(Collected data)
-*-*-

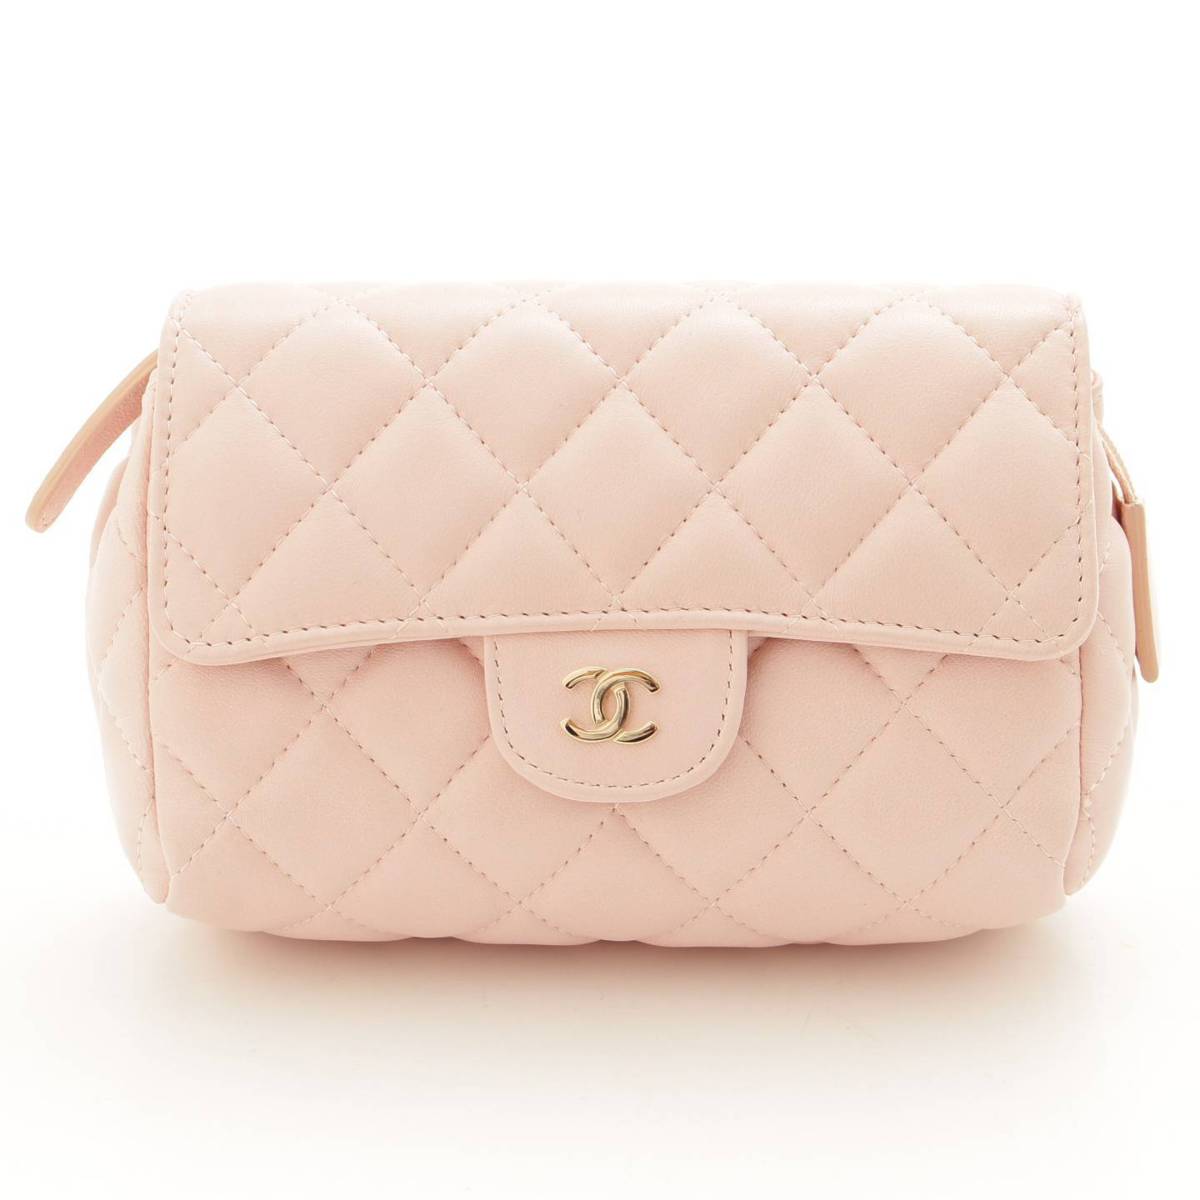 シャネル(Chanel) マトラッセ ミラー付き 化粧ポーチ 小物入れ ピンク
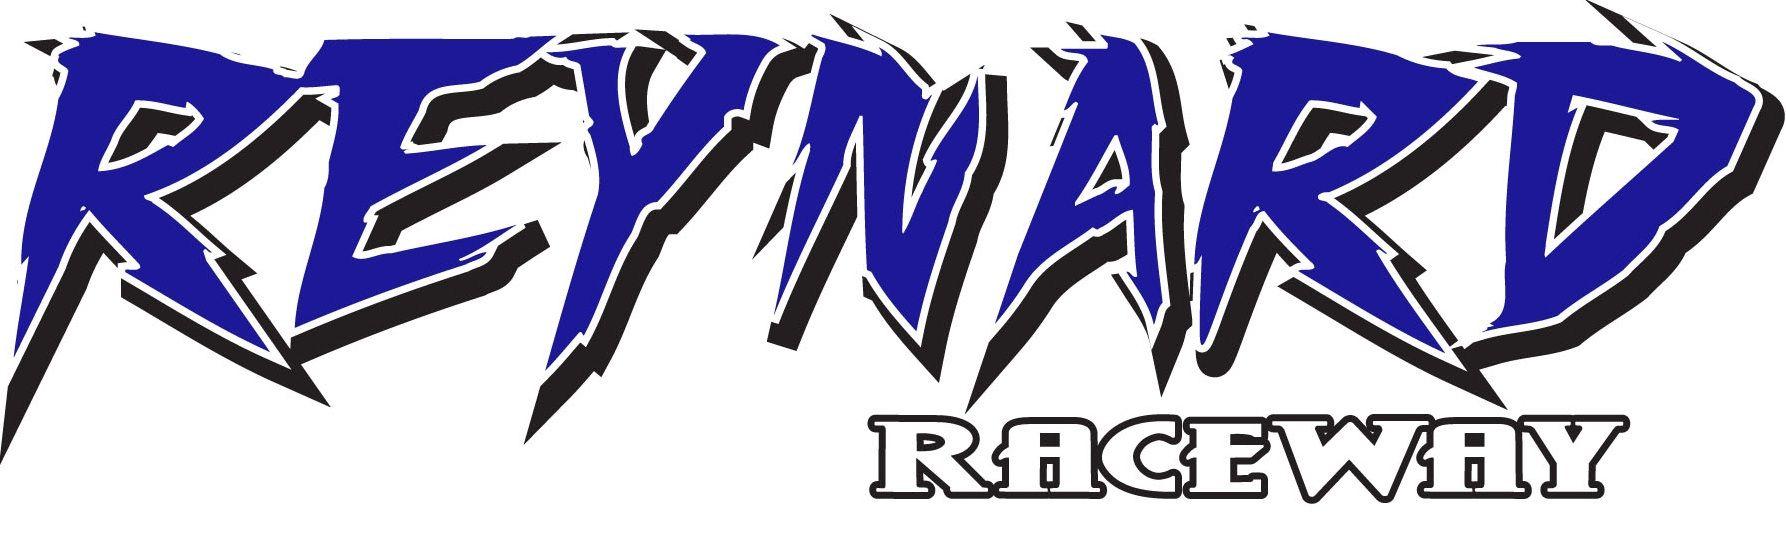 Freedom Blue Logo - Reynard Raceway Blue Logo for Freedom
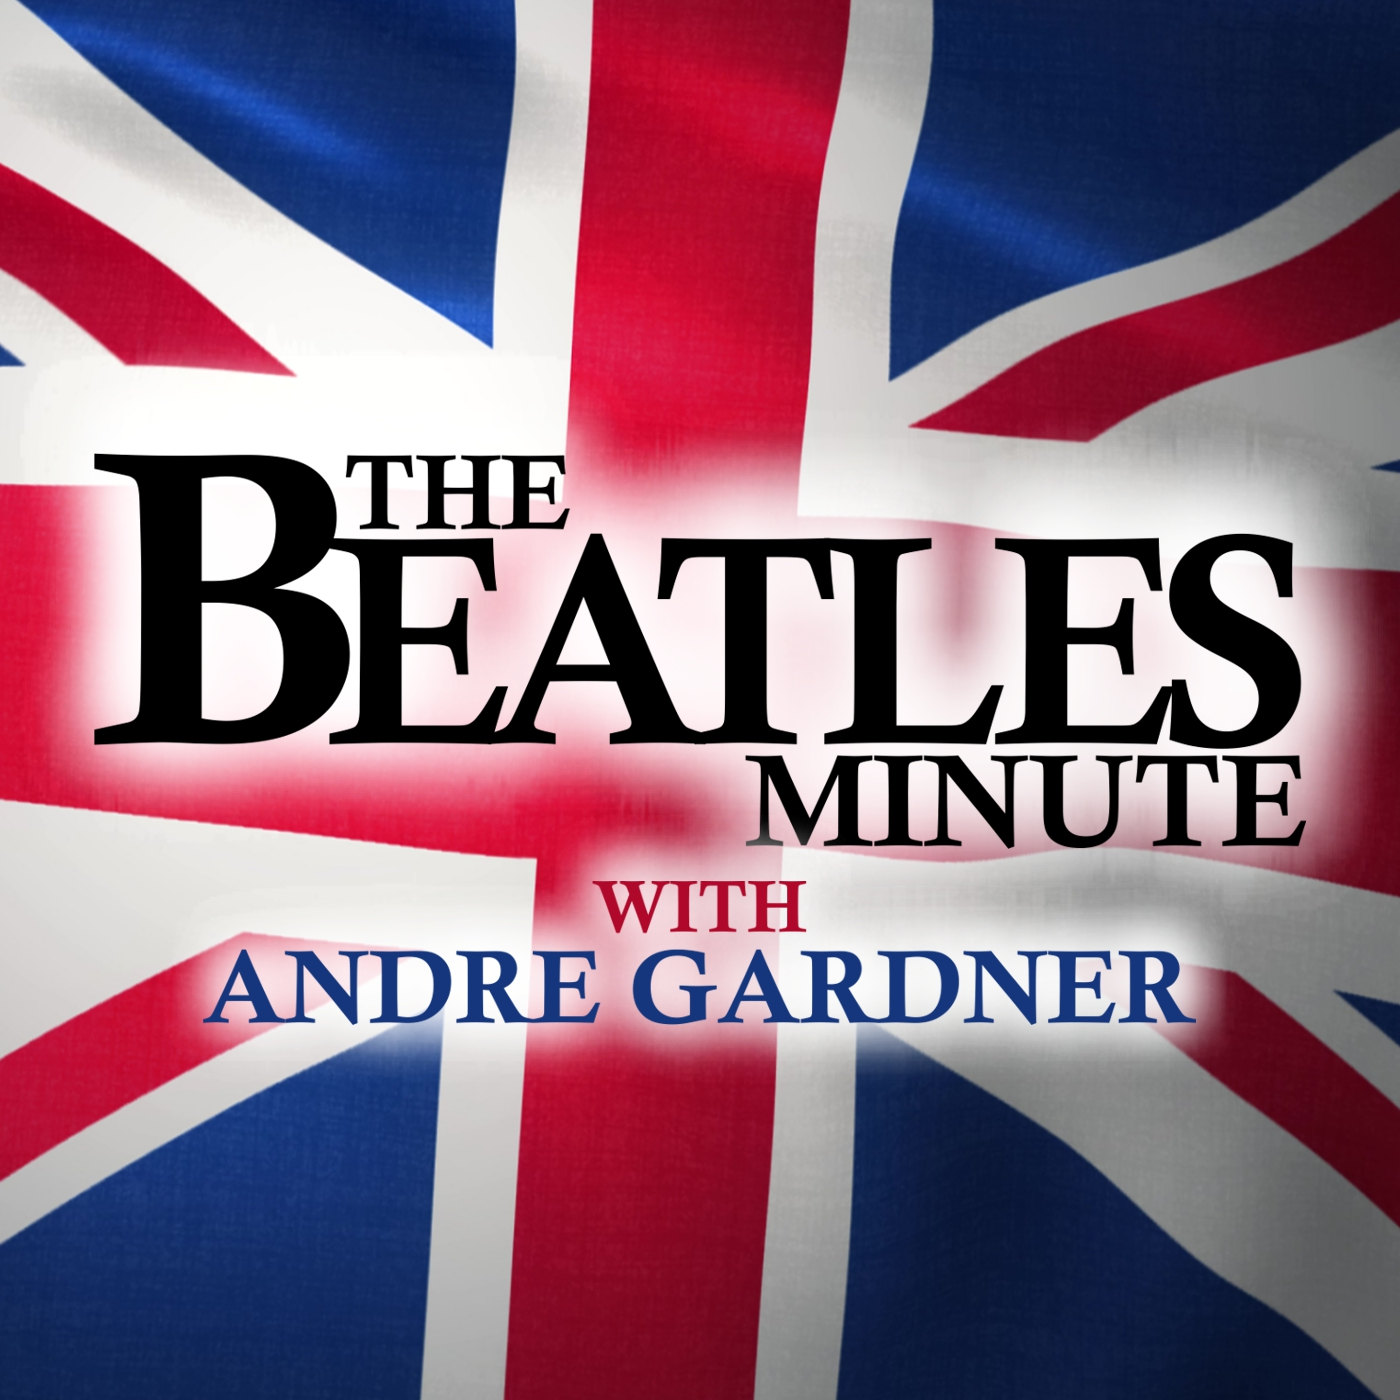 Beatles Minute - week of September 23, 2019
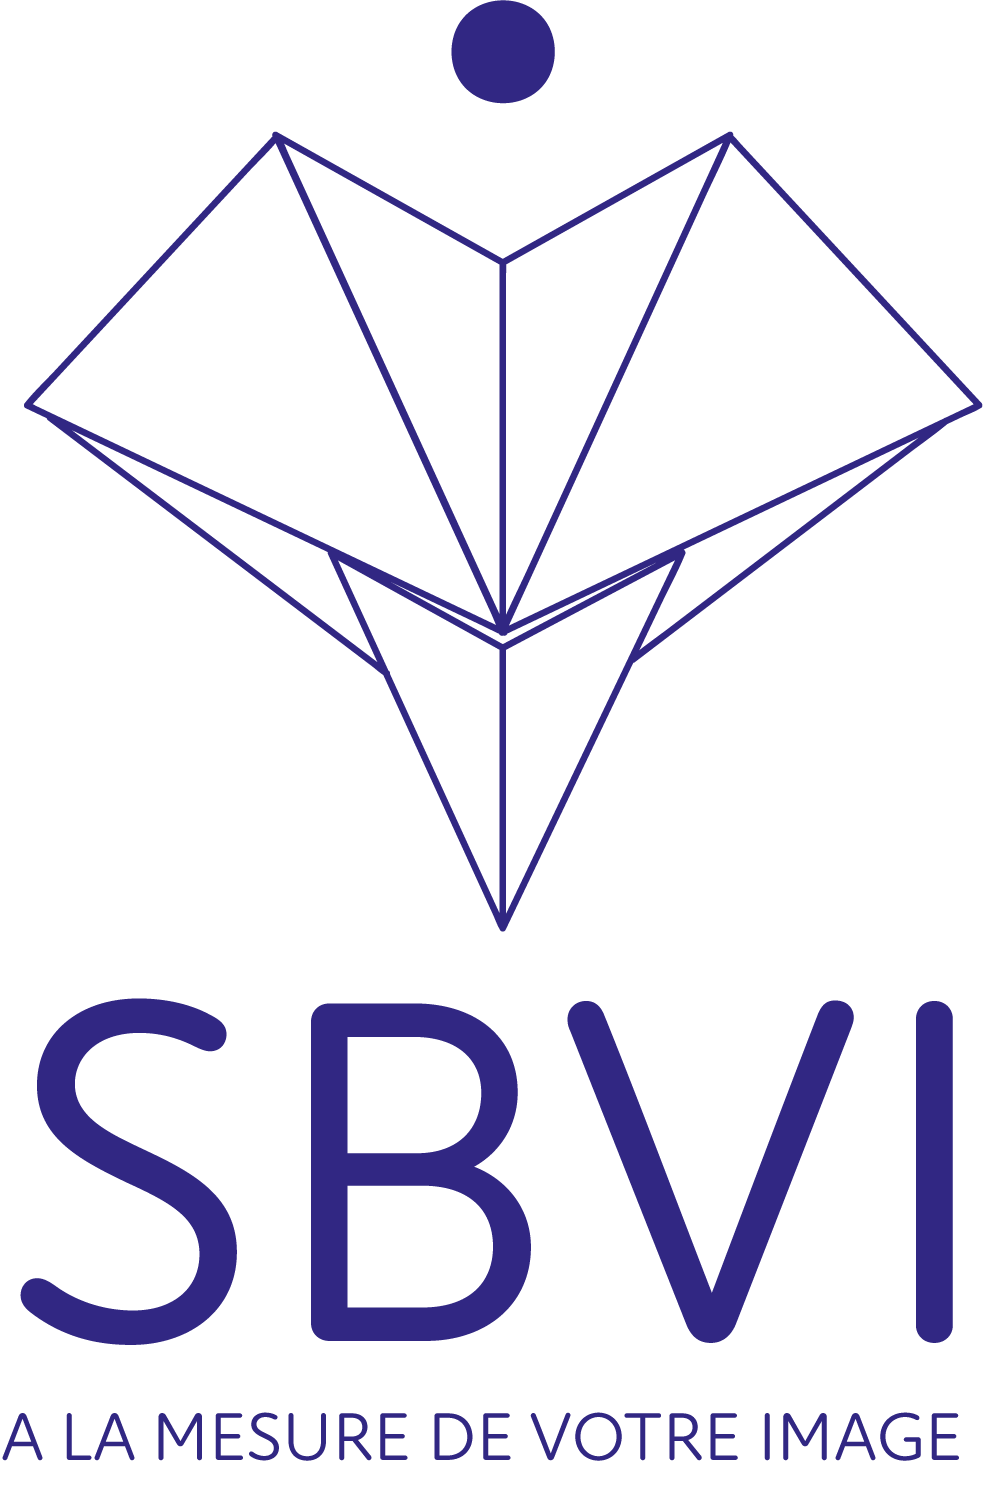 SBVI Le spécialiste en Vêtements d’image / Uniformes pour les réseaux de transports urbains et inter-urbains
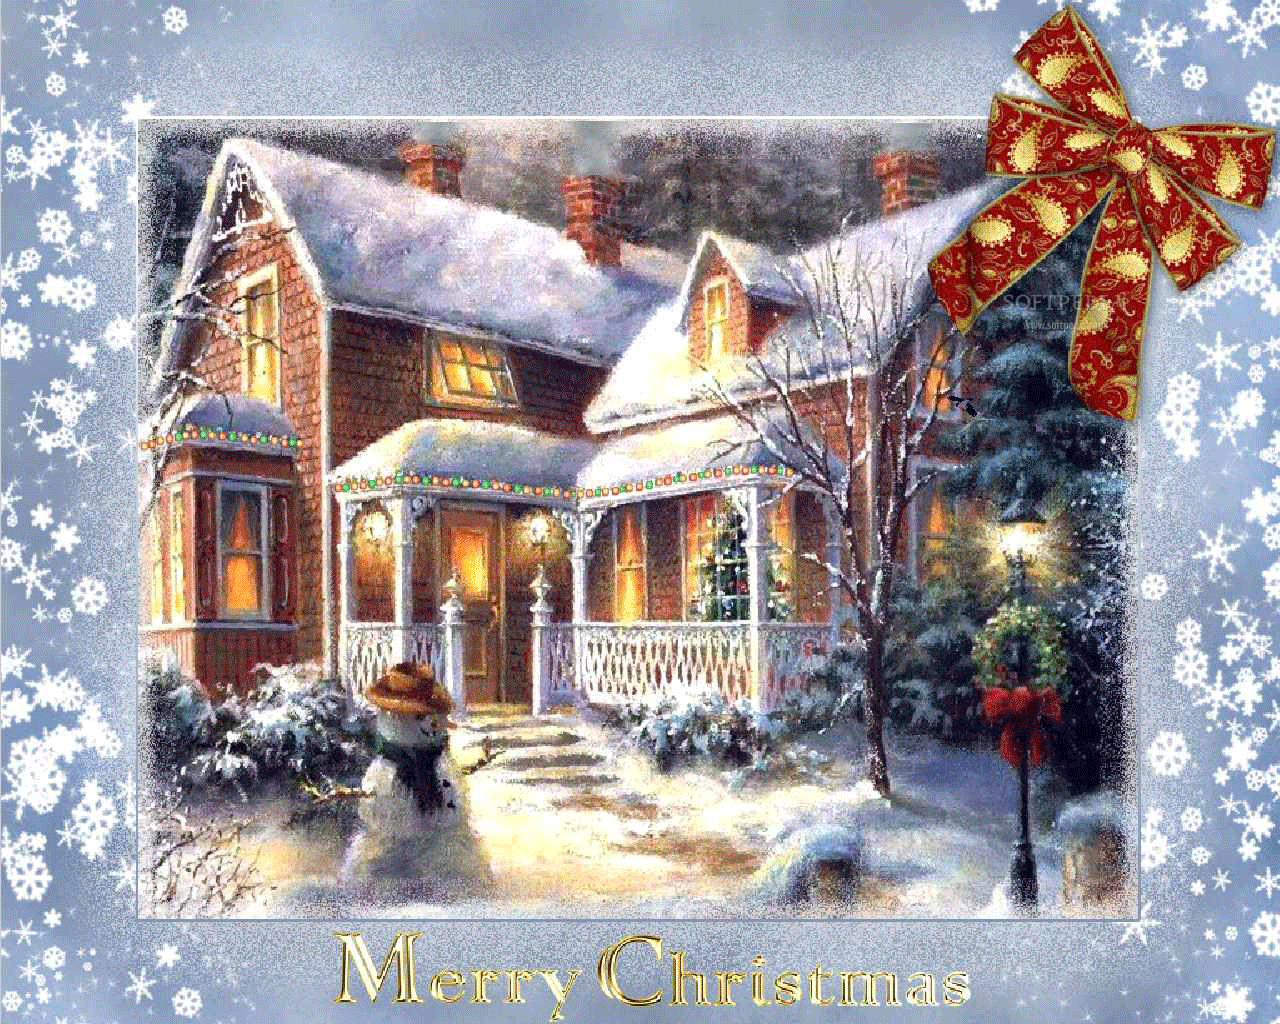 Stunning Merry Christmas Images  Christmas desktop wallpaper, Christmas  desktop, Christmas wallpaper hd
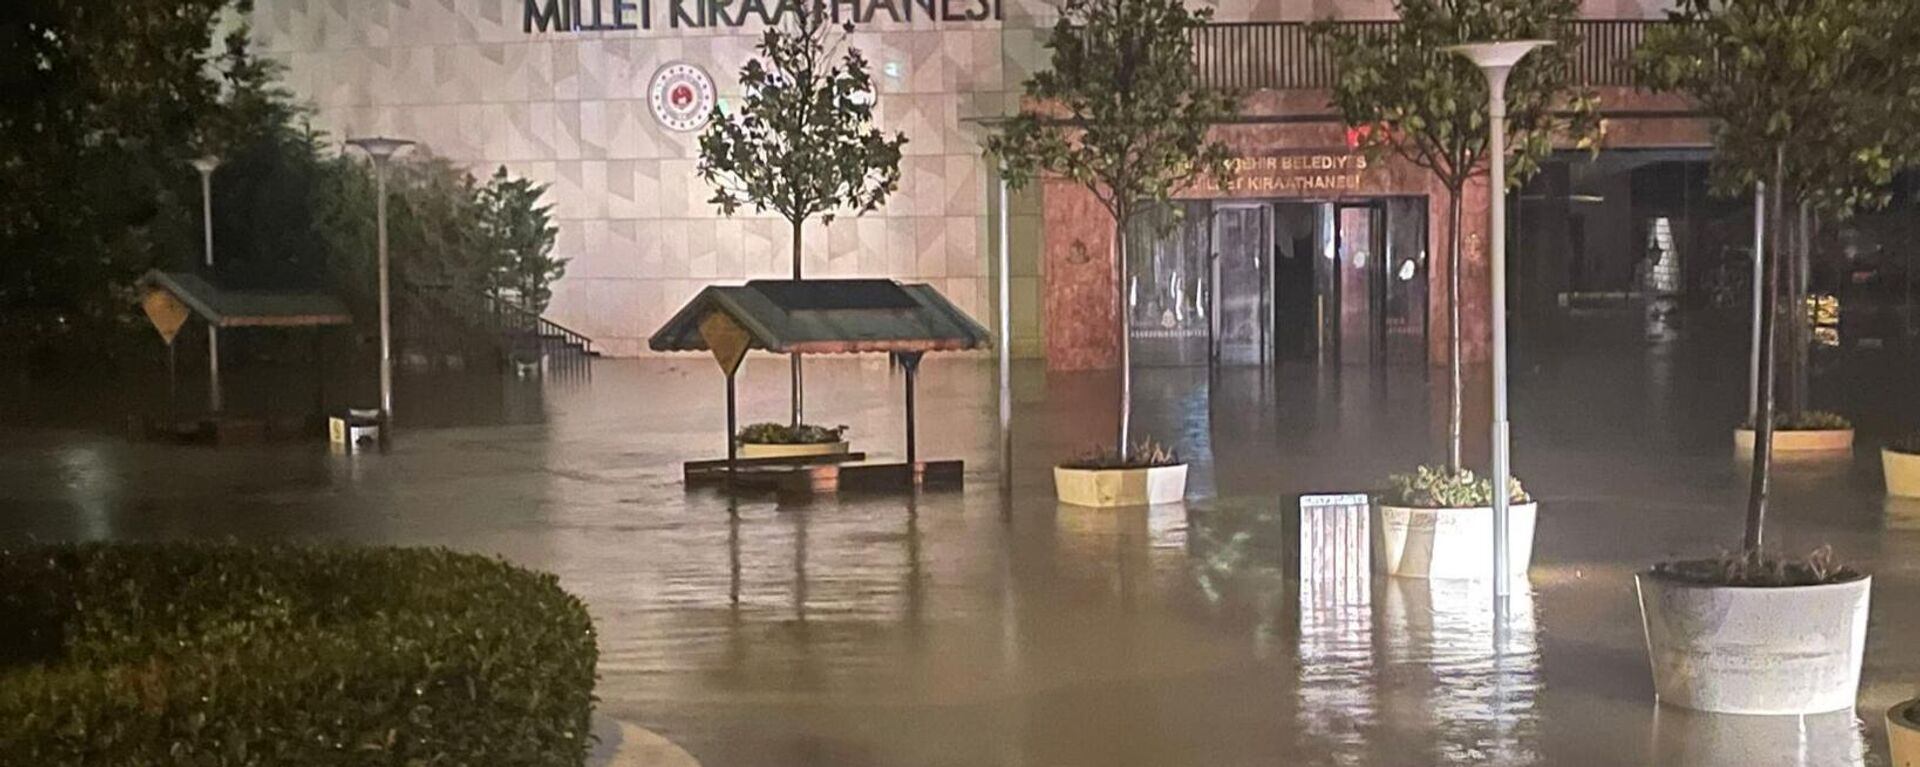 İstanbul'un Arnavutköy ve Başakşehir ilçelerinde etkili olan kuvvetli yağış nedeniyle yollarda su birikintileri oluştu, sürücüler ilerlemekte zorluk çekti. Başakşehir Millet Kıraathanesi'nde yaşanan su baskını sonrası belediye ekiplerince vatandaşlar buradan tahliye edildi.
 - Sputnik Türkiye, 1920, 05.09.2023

-*-*-

(Problem requirements) There should be an exact restatement of the lines from the line with "SBVI Le spécialiste" through the last line of the entries above, and no pictures in it.

(Result of this exercise)
 SBVI Le spécialiste en Vêtements d’image / Uniformes pour les réseaux de transports urbains et inter-urbains
 Stunning Merry Christmas Images  Christmas desktop wallpaper, Christmas  desktop, Christmas wallpaper hd
 İstanbul'un Arnavutköy ve Başakşehir ilçelerinde etkili olan kuvvetli yağış nedeniyle yollarda su birikintileri oluştu, sürücüler ilerlemekte zorluk çekti. Başakşehir Millet Kıraathanesi'nde yaşanan su baskını sonrası belediye ekiplerince vatandaşlar buradan tahliye edildi.
 - Sputnik Türkiye, 1920, 05.09.2023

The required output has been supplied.